Monday, Jul. 12, 1948

The What-ls-lt

As science scratches below the surface of the physical universe, it turns up more & more mysterious matters. A very small ghost, much smaller than an electron, now haunts modern physics. Its name, for want of something better, is the "neutrino." No one has ever seen a neutrino, or any trace which one has left behind it, but physicists are pretty certain that neutrinos are real. Just possibly, they may be the most important things in the physical universe.

In the current issue of Physics Today, Dr. George Gamow tells why he thinks that neutrinos are as real as electrons or protons. Physicists, he says, invented neutrinos because they needed something to explain why electrons, shot out of the same atomic nuclei under the same conditions, do not all have the same energy. One way to account for this discrepancy is to imagine a very small, uncharged particle that departs at the same time as the electron, carrying with it some of the energy.

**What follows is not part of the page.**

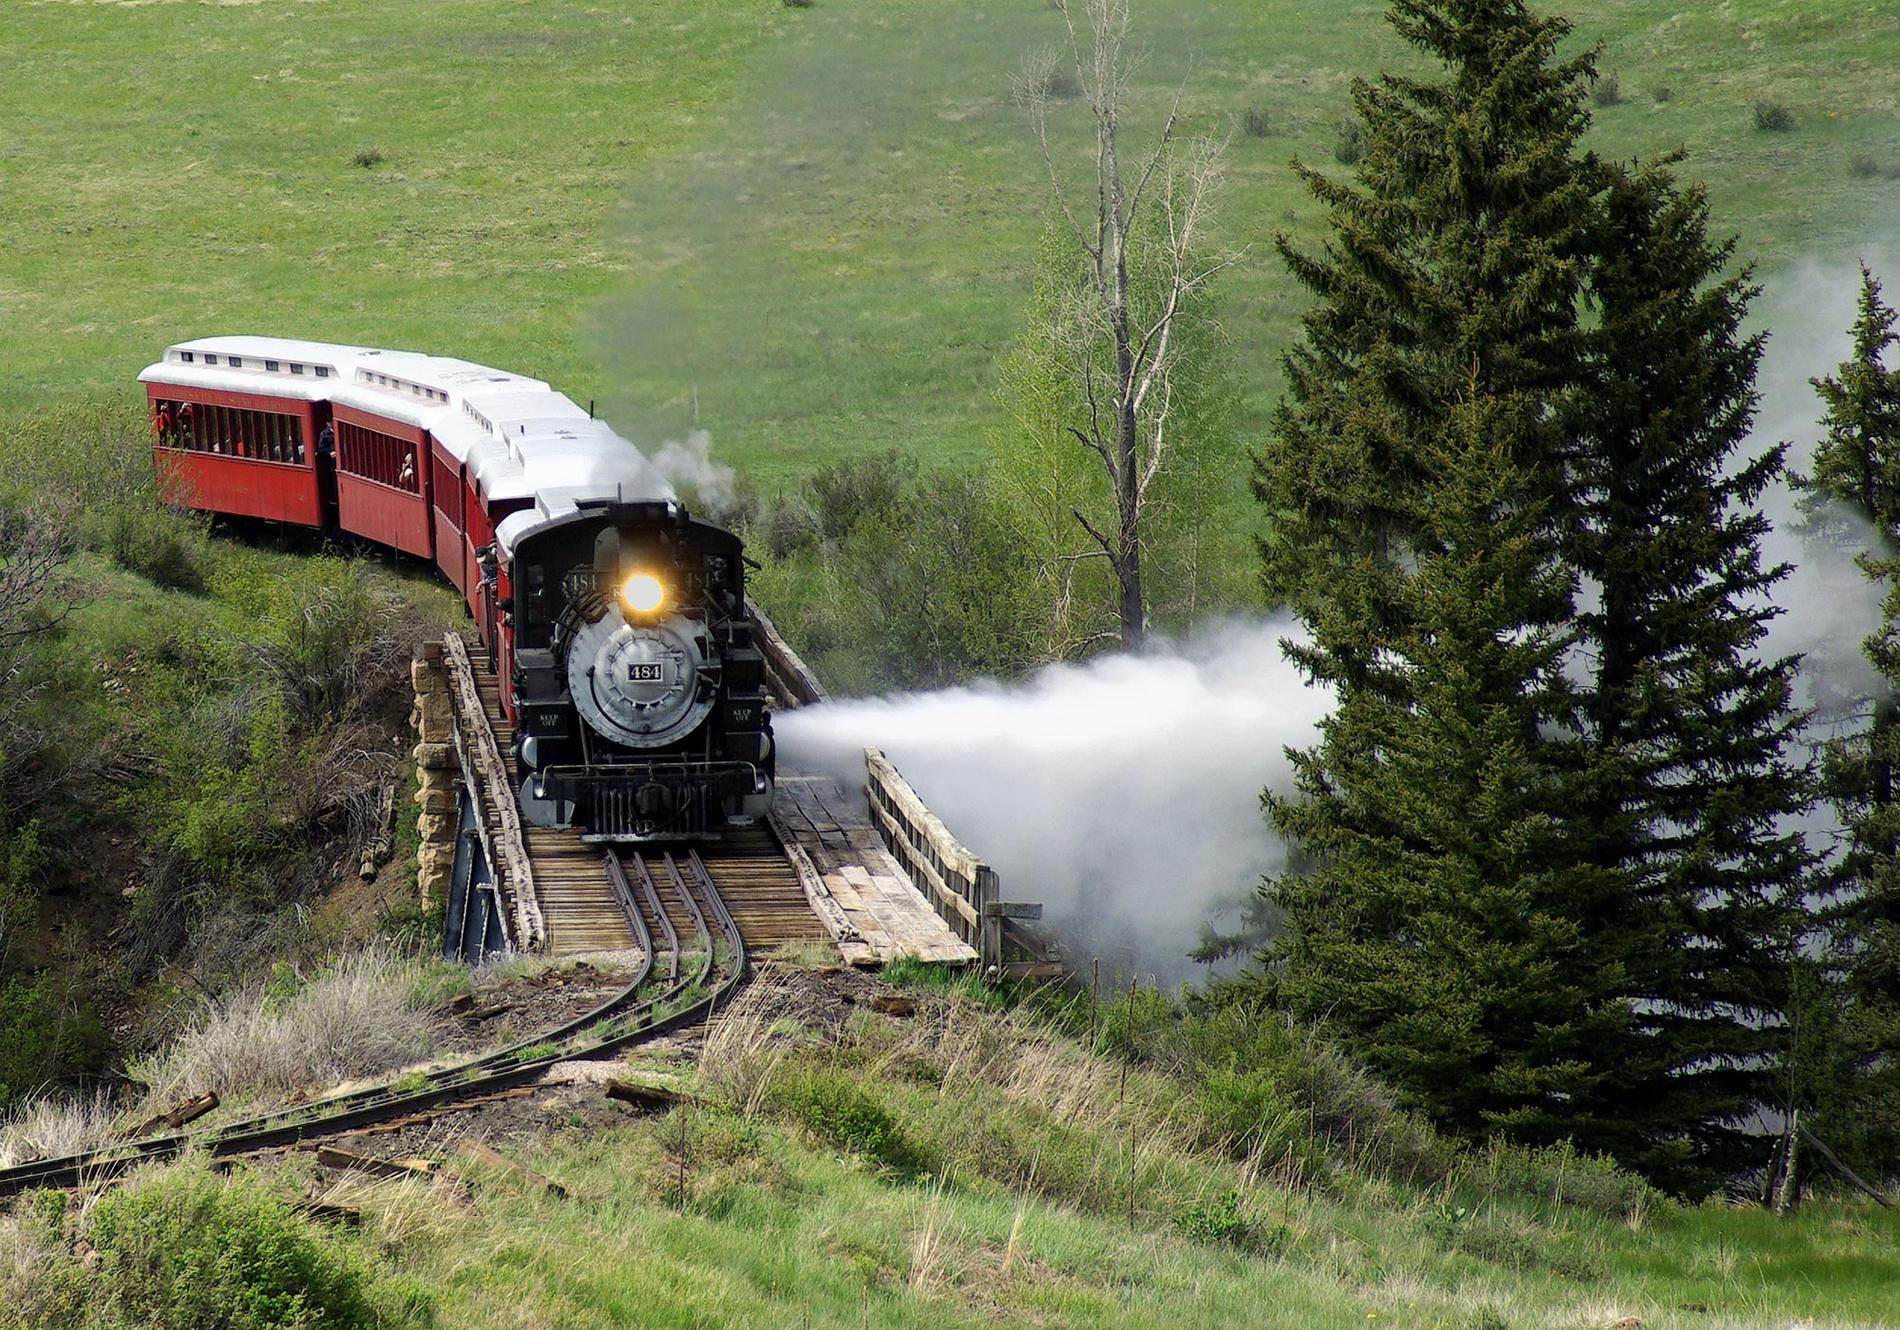 The Cumbres and Toltec Scenic Railroad, USA I södra delen av Klippiga bergen förbinder det här vackra gamla tåget Chama i New Mexico med Antonito i Colorado. Cumbres Pass längs vägen är USA:s högsta tågpunkt, 3050 meter över havet.
 Kolla in billigaste flygen till USA här.

Later, physicists found that the hypothetical particles (which they had come to call neutrinos) were a convenient explanation for other things they did not understand. For instance, when an atom throws off particles, it kicks back like a firing gun. The energy of the particles and the recoiling atom can be measured accurately by studying the tracks of moisture they make in a Wilson cloud chamber. Theoretically, they should balance; but in many cases they do not. Why? Physicists assume that invisible neutrinos have been shot away, too, affecting the recoil of the atom.

Neutrinos are perhaps two-thousandths the mass of an electron, and have no electric charge by which they can be influenced electrically. They pass right through matter as if it weren't there. Physicists have calculated, says Dr. Gamow, that it would take a lead shield 200 million million miles thick to stop speeding neutrinos.

There is a theory that there are not only neutrinos but "anti-neutrinos." When the two meet, they annihilate one another. Dr. Gamow suggests, with bated breath, that neutrino-annihilation may result in the emission of "gravitational waves." In plain language, the mysterious neutrino and the waves it gives off in dying may keep everything and everybody from flying off into space.